Data items:
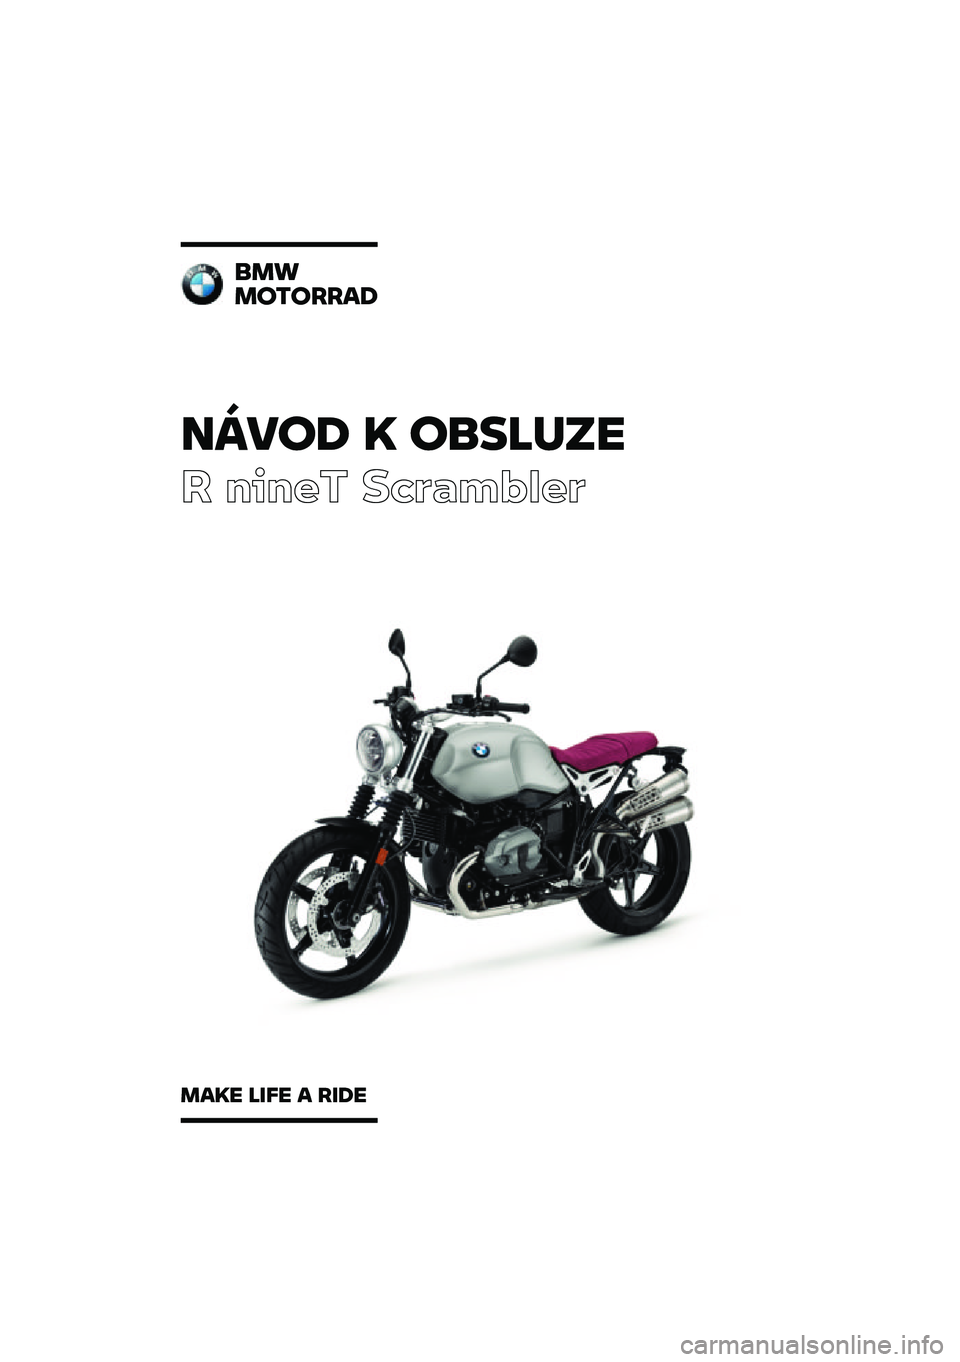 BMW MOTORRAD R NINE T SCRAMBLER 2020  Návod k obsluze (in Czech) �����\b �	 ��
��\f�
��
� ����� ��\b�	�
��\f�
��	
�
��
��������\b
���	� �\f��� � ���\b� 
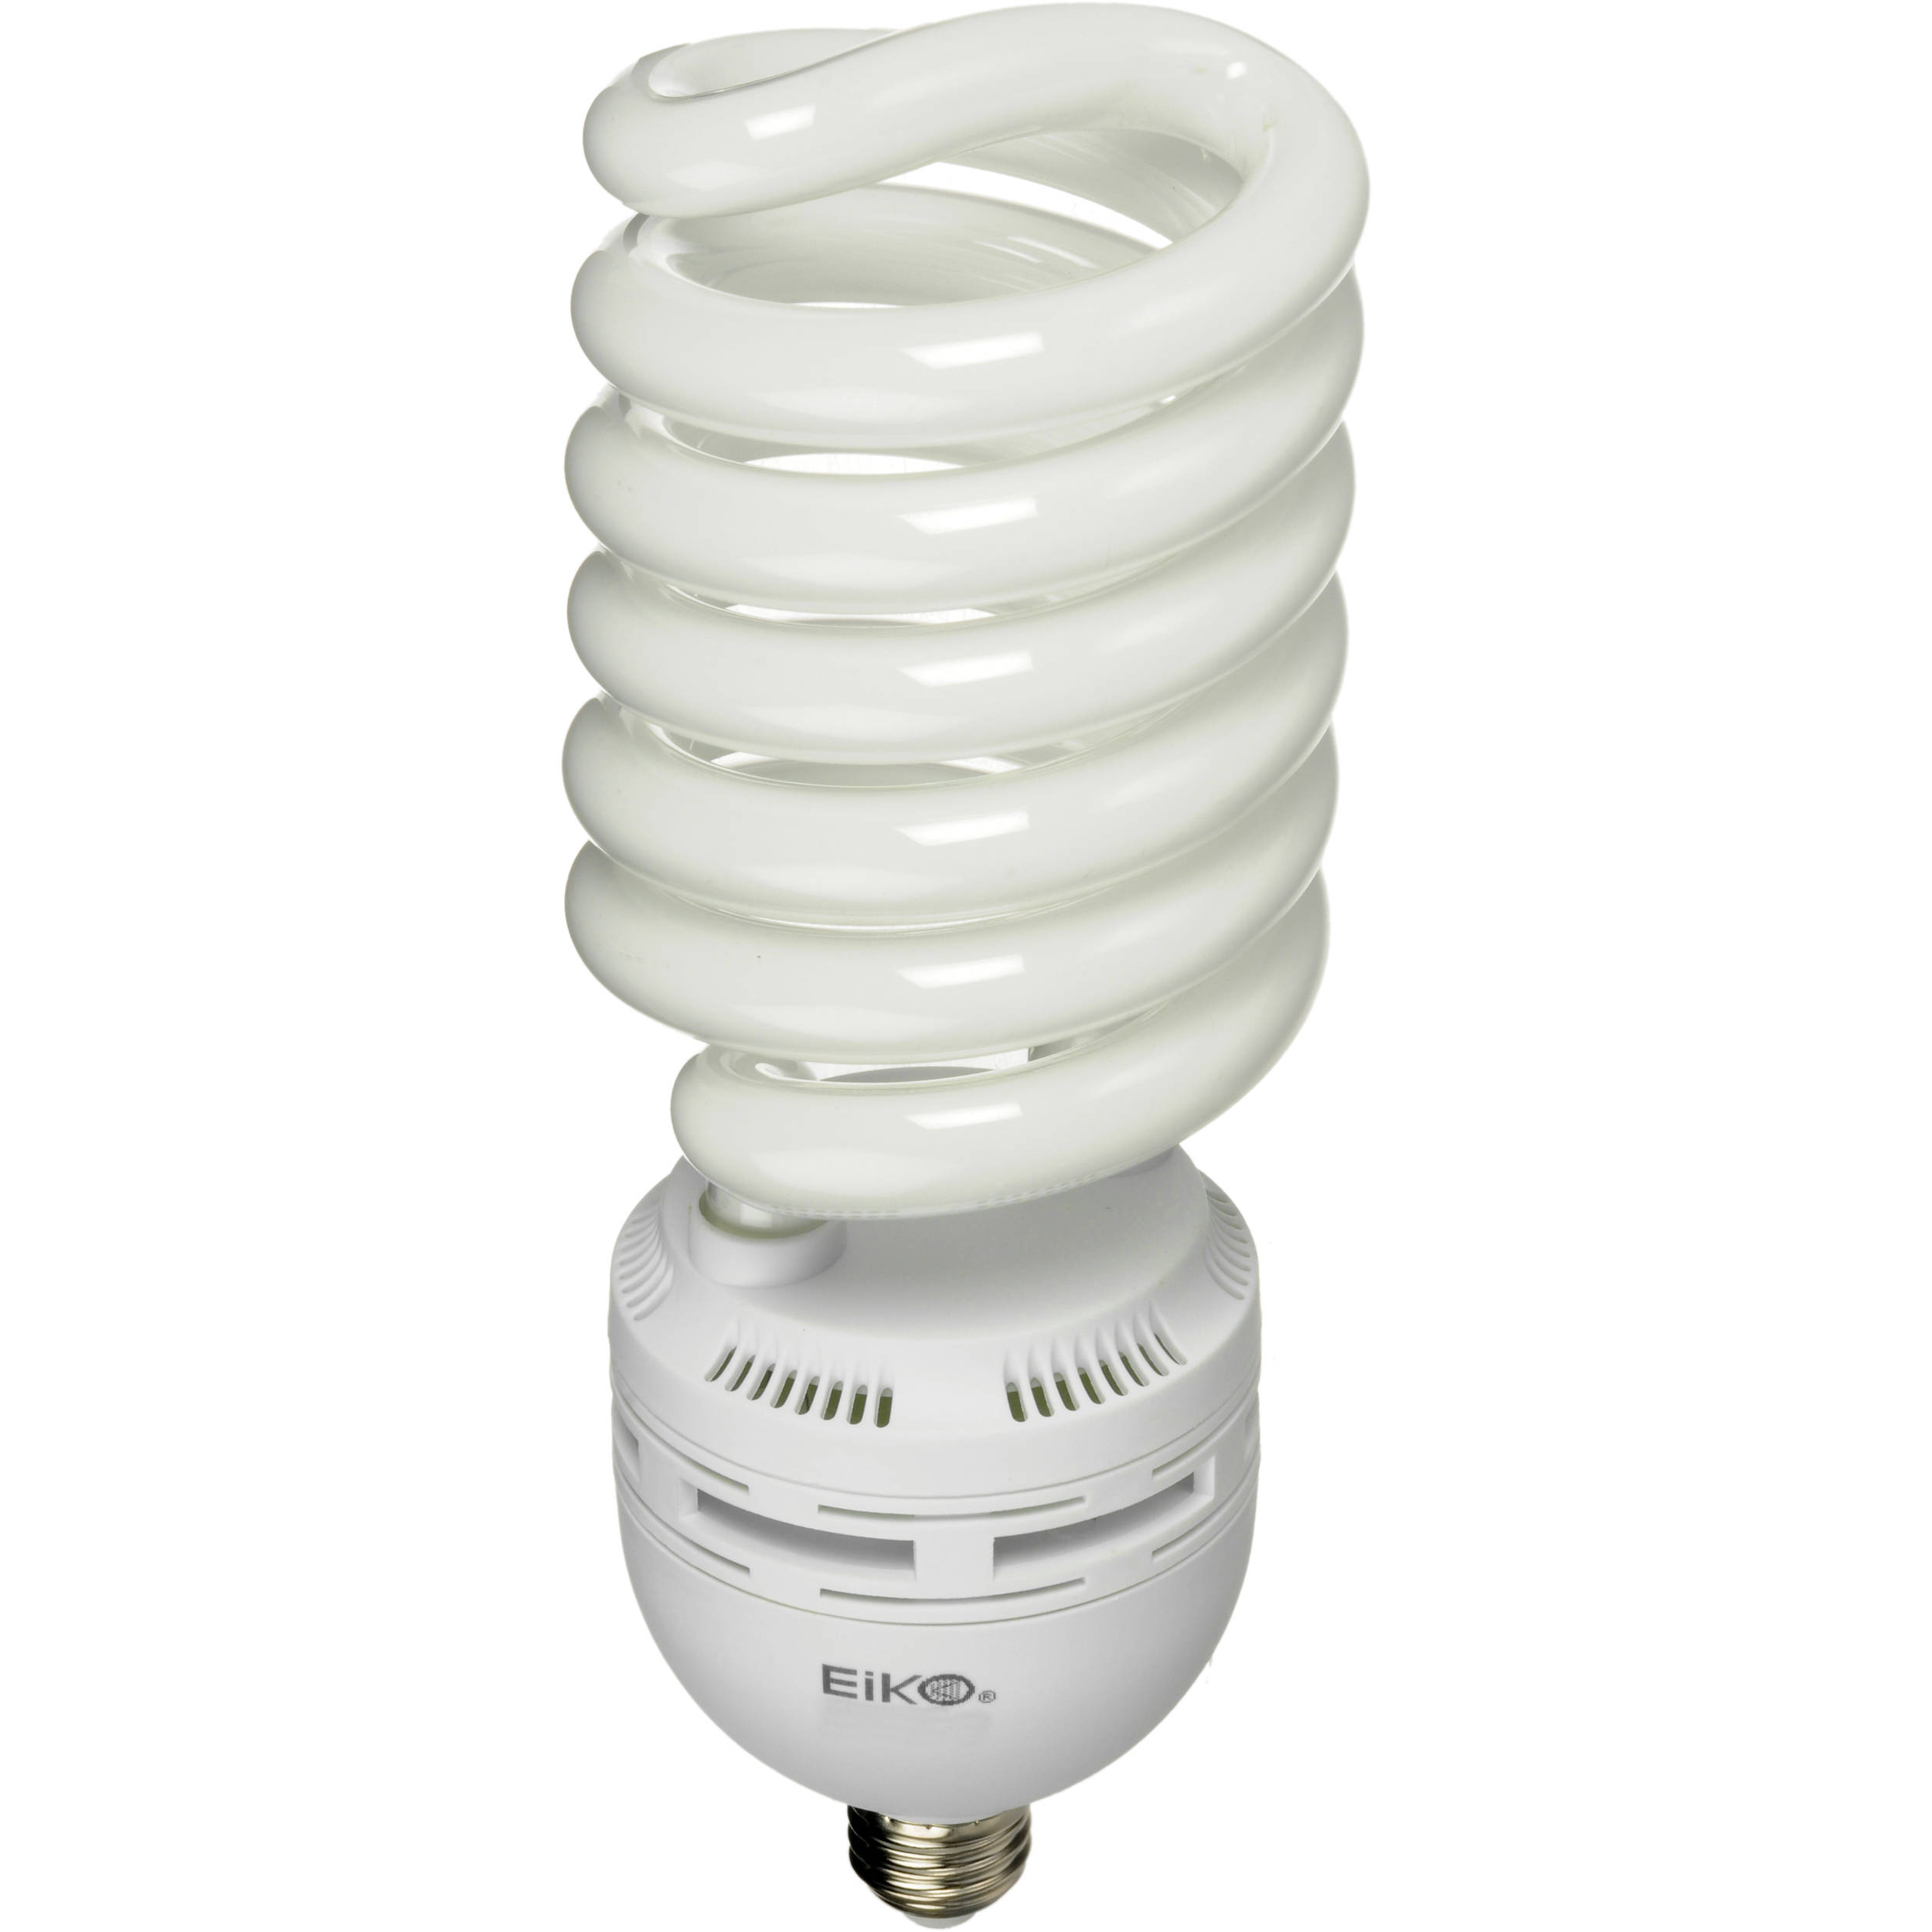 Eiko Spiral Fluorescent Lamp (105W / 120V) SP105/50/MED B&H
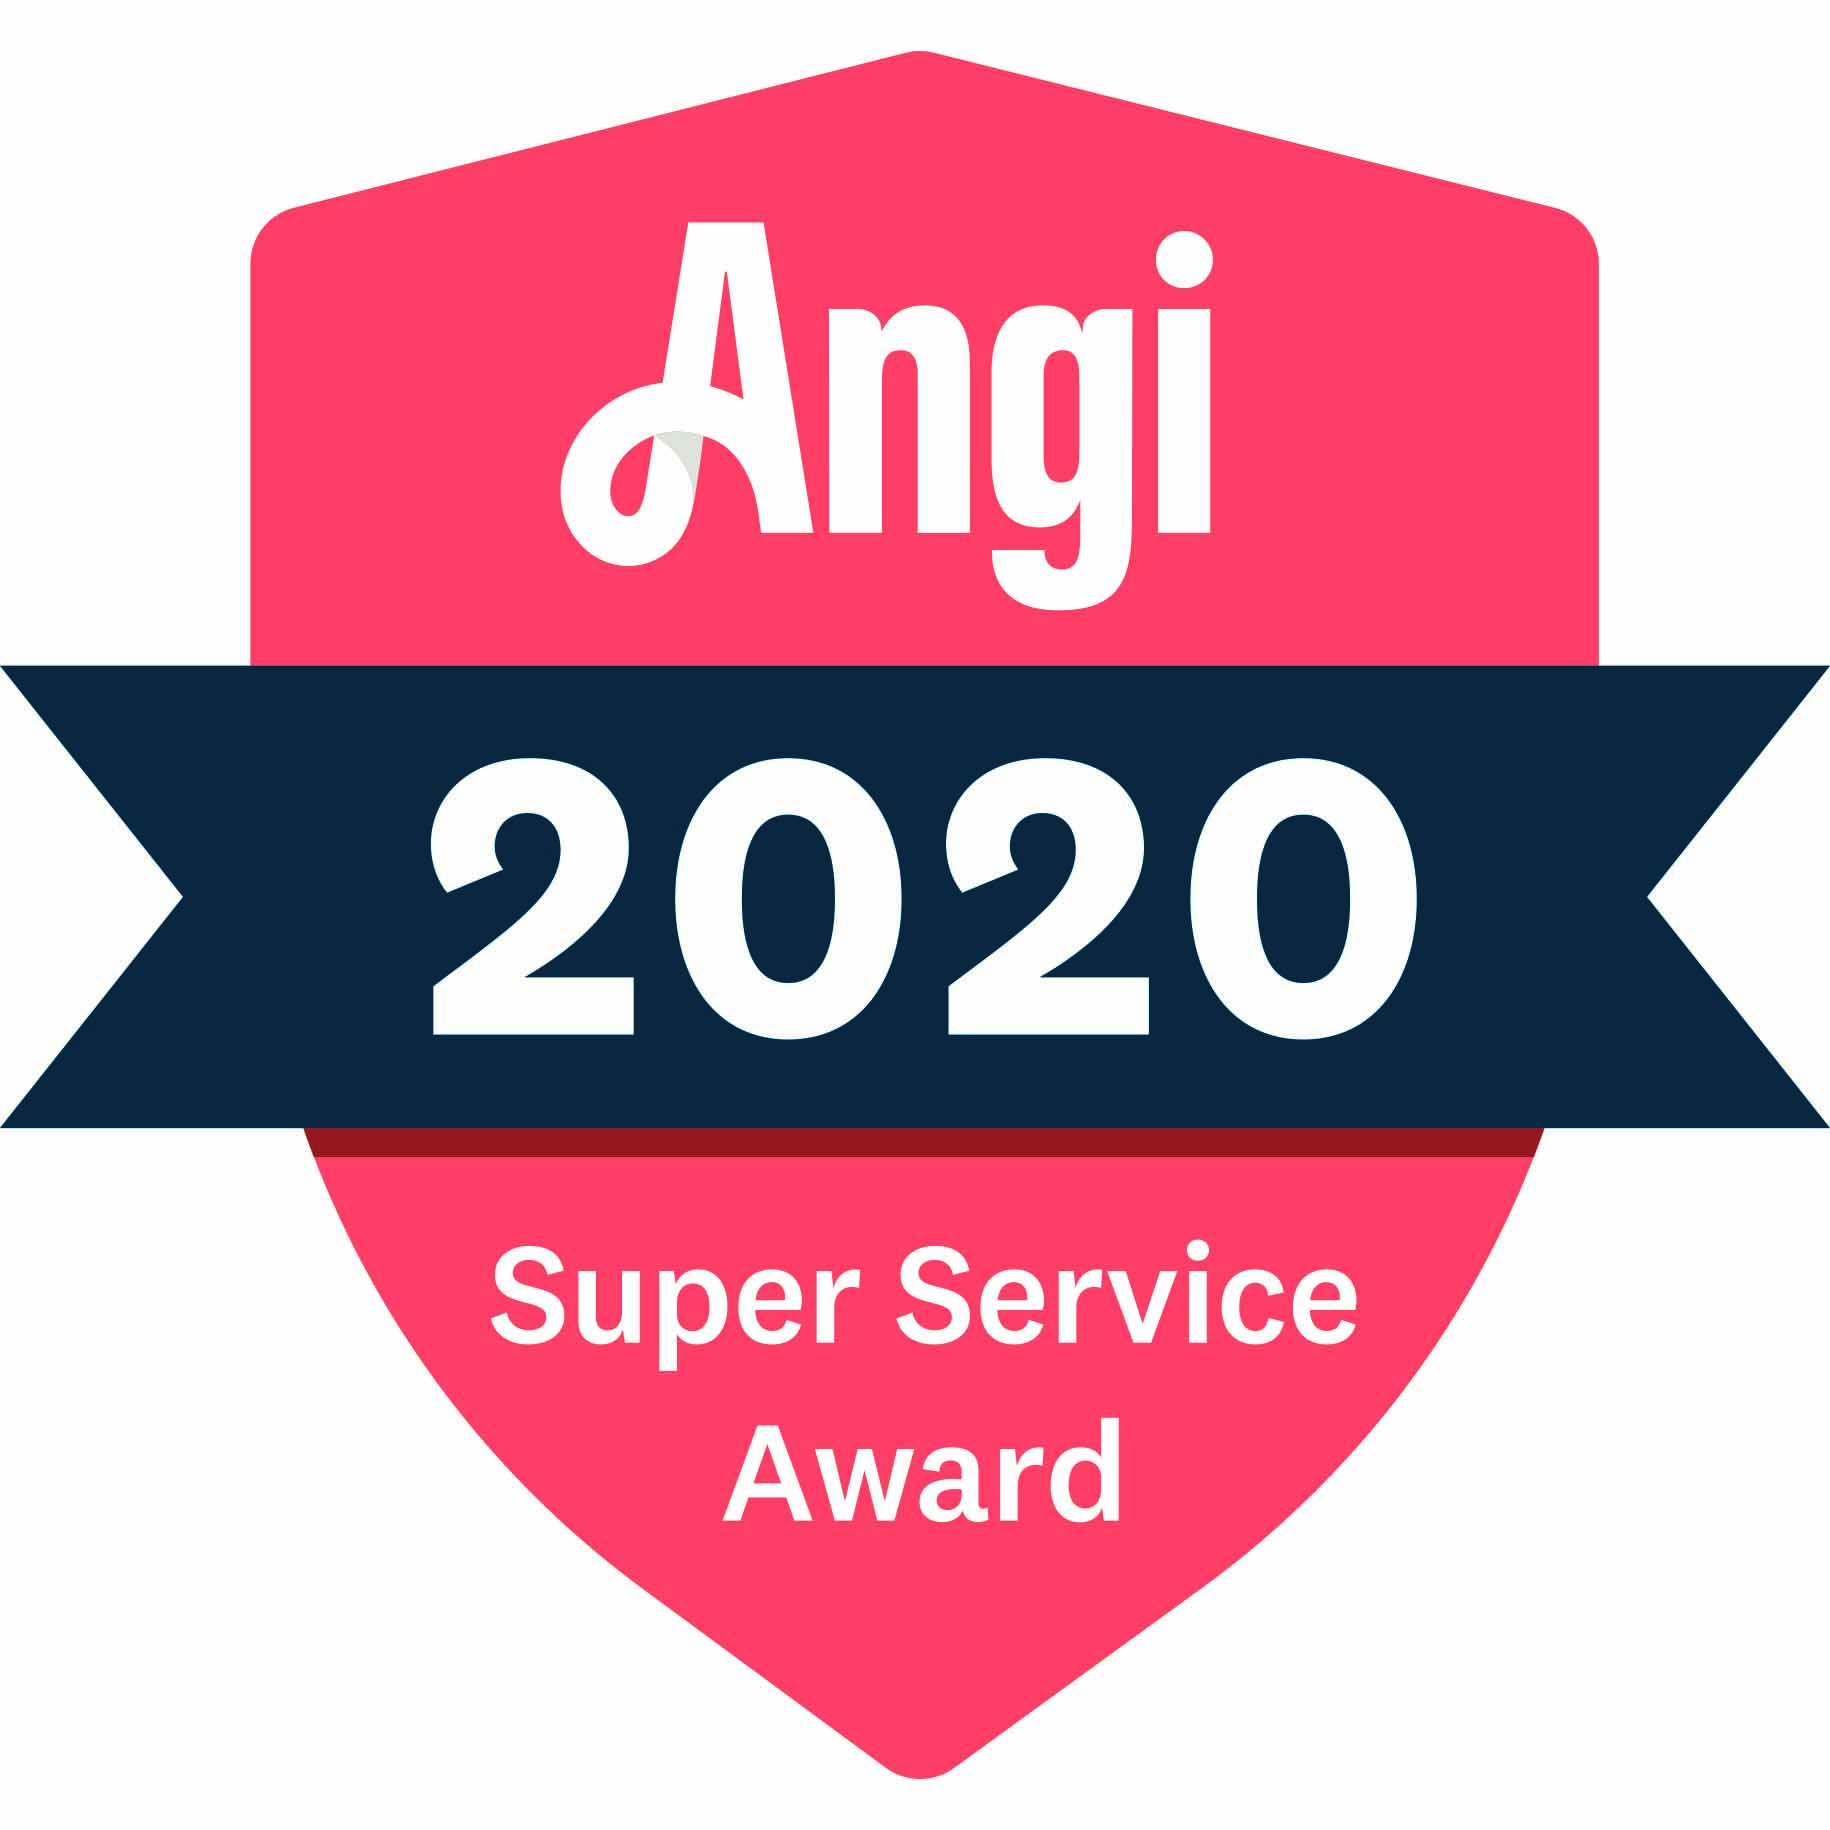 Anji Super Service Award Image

Work required | Produce an exact reprint of the entries, dropping the images.

Problem solution |
 BMW MOTORRAD R NINE T SCRAMBLER 2020  Návod k obsluze (in Czech) �����\b �	 ��
��\f�
��
� ����� ��\b�	�
��\f�
��	
�
��
��������\b
���	� �\f��� � ���\b� 
 Eiko Spiral Fluorescent Lamp (105W / 120V) SP105/50/MED B&H
 Anji Super Service Award Image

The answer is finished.